SPNI staff members met with officers from the Northern Command of the Israel Defense Forces to present alternative routes that would not hurt the nature reserve, but the army rejected them all, the organization said.
Area residents have also joined the fight and are trying to recruit support for the SPNI’s proposal on social media.
The Spokesperson’s Unit of the IDF said in a statement that as part of the army’s preparations for war, it has been doing extensive infrastructure work in the north, including in areas that are not normally used for security purposes.
However, the statement added, the army is currently examining alternatives to the planned work in the Western Galilee, in conjunction with the relevant civilian bodies. Planning for this area began only recently, and the plans have not been finalized or approved.
In all such projects, the statement continued, various considerations are weighed. Security considerations are given primacy, but other considerations, including minimizing harm to nature and the environment, are also taken into account.

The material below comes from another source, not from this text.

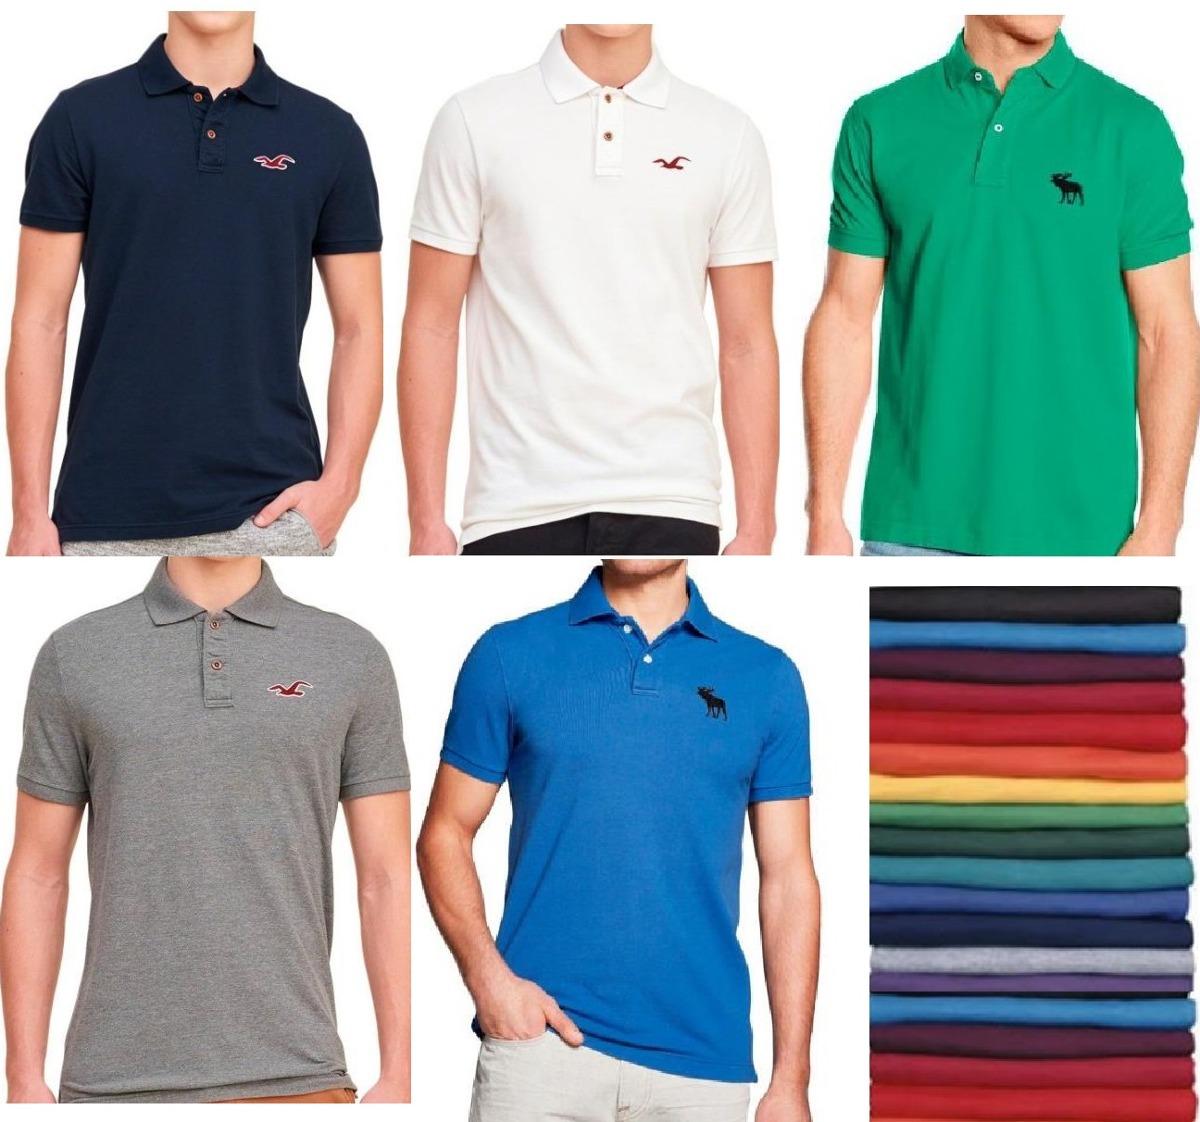 6c727c6f68aef kit 10 camiseta camisa gola polo masculina revenda atacado. Carregando zoom.
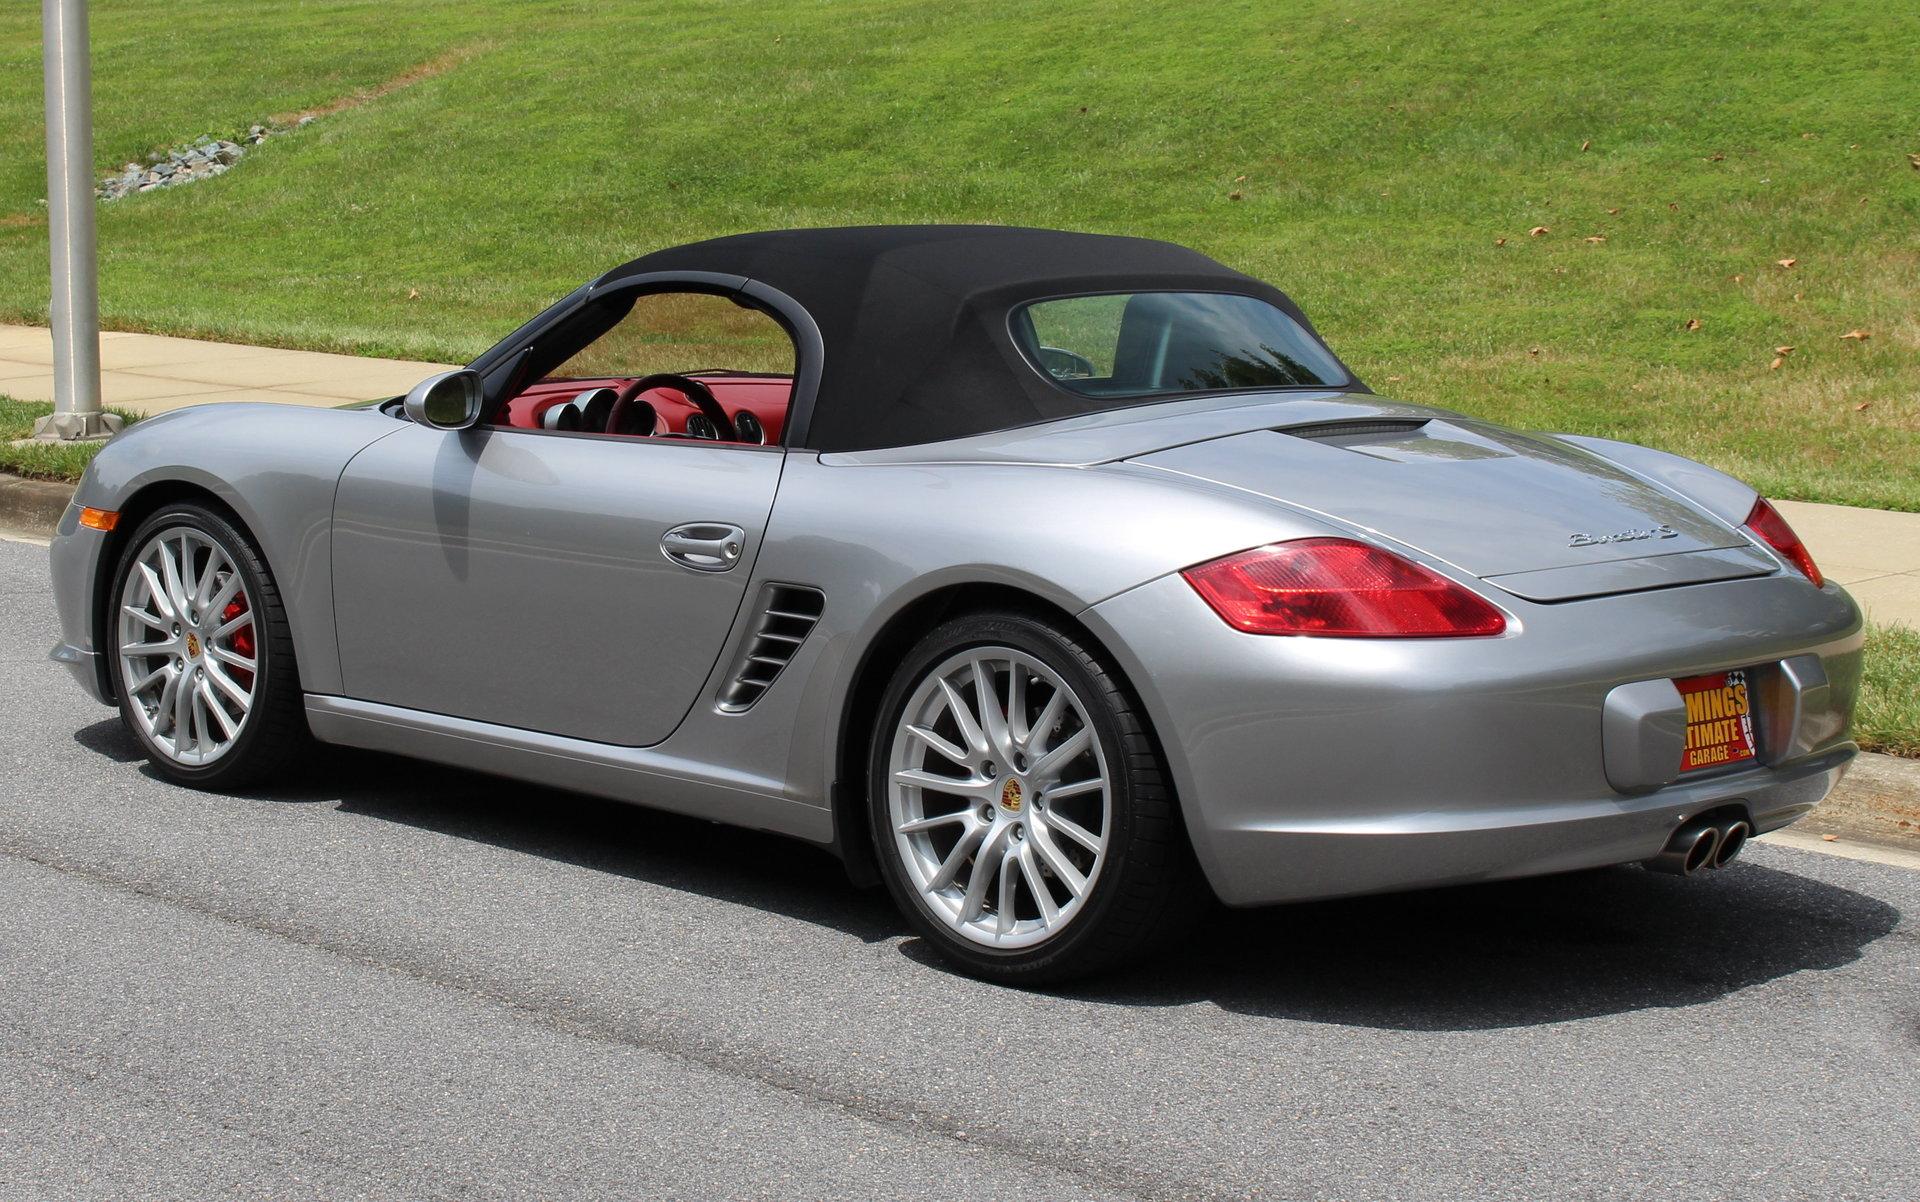 2008 Porsche Boxster Rs60 Spyder For Sale 94622 Mcg

A similar environmental battle took place in recent months near Kibbutz Hanita, where the army planed to build a road through the nature reserve east of the kibbutz. That battle eventually bore fruit, when residents managed to persuade the army to use an alterantive route. But by the time that decision was made, the army had already damaged the reserve’s natural forest and cut down hundreds of trees.
During that battle, Liron Shapira of SPNI noted that it’s hard for environmental groups to fight the army, because its plans are approved by a special planning committee for defense facilities whose discussions are classified and can’t be appealed. On that committee, the Israel Nature and Parks Authority has observer status only.